The first acceptance of weakness in this move as to actually admit to Abba that I was weak, I was exhausted and literally could not keep going. While I didn’t like it, I admitted that I was doing the best I could and everything else would have to wait and it would have to be ok. The second was to accept help from family and friends as they moved our stuff from house to house, accepting help as I sat on a chair in the new kitchen and watch as others organized and put stuff away. My brain and emotions were on fire shouting at me that I wasn’t good enough, that I should get my bottom up and keep going, all the the while my physical body was shouting at me to sit down. I even allowed myself to hear the words of love and gentle words of, “Robin sit down”, “Robin are you ok”. These words of love, of others taking care of me, were honey to my heart, honey to soul, healing to changing the mental thoughts I have each and everyday.

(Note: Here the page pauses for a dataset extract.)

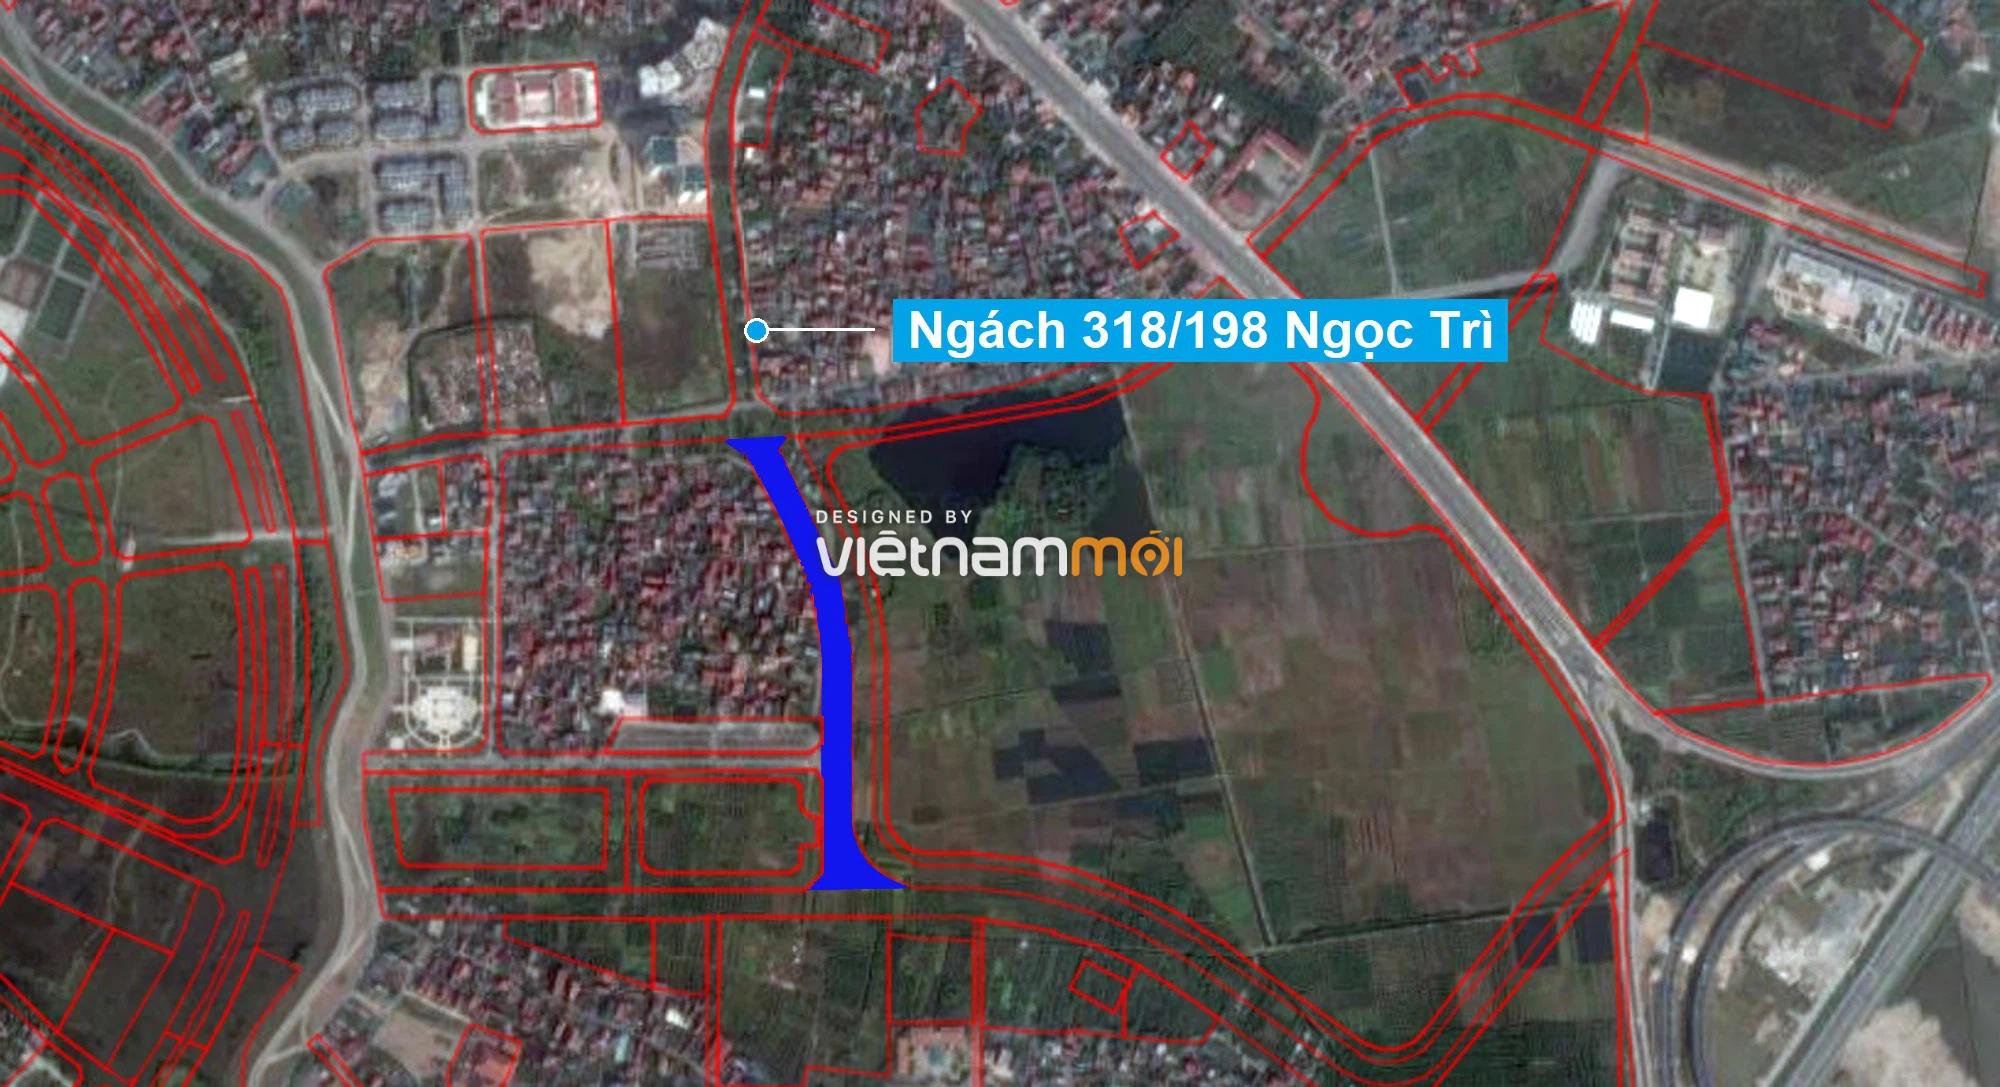 Những khu đất sắp thu hồi để mở đường ở phường Thạch Bàn, Long Biên, Hà Nội (phần 7) - Ảnh 9.

It’s amazing how we have a world full of hurt and lonely people walking around with similar walls to those that I have and others who have much thicker and harder walls. These walls are proof that hurt has happened, that life has been cruel, and instead of loved they have been wounded over and over. Walls are safe, but they feel so lonely, and everyone is crying out for acceptance and love. It is terrifying to break through walls, others will see me, others will know the true tenderness that lies beneath, and if they see it I can be wounded even more and I think I just can’t take anymore or I will feel as if I am physically dead. When given the safety to be free, we can learn to be free, we can learn to be safe outside of our safe circle, we can learn to find joy, we can learn to breath the fresh air of freedom of what others think.
So, I am weak and it is not my job to be strong, it is Abba’s job to be strong. It is God’s job to carry the weight of others hurts. It is my job to come along and love, it is my job to go to God to get who I am. Any other place will leave me weak and crippled. God’s throne is where strength, protection, healing, and love is found. No where else can the things that heal be found. We can try, but it will only leave more holes. I am strong when I am weak and weakness is not so scary anymore. It’s actually freeing and I am so ready to go deeper, I am so ready to lay down the heavy load I have been carrying and the heavy load has nothing to do with moving. Peace is found in the shelter of the almighty. It does not mean my mind has been warped or brain washed, it does not mean I have sold out. For me, it’s freedom and I don’t want to go back, I don’t want my old self, I want the new, healed, loved self. I want the self that can hear truth and love those around me compassionately. While I won’t be perfect at it, I will keep learning and I will keep pressing on. Healing is found in the arms of the Abba, it is in believing what God things of me is more important than what others think or feel about me. It’s finding love in the arms of a daddy who won’t ever hurt me, he won’t ever let me down. The one true daddy.
Peace is coming, healing is coming, and it brings me to tears letting it all go and not having to carry sword of protection in every relationship I face in fear I will only be hurt. God is moving in the Russell house hold and it is so much more than a physical address! To the praise and glory of God the Father we are breaking down walls!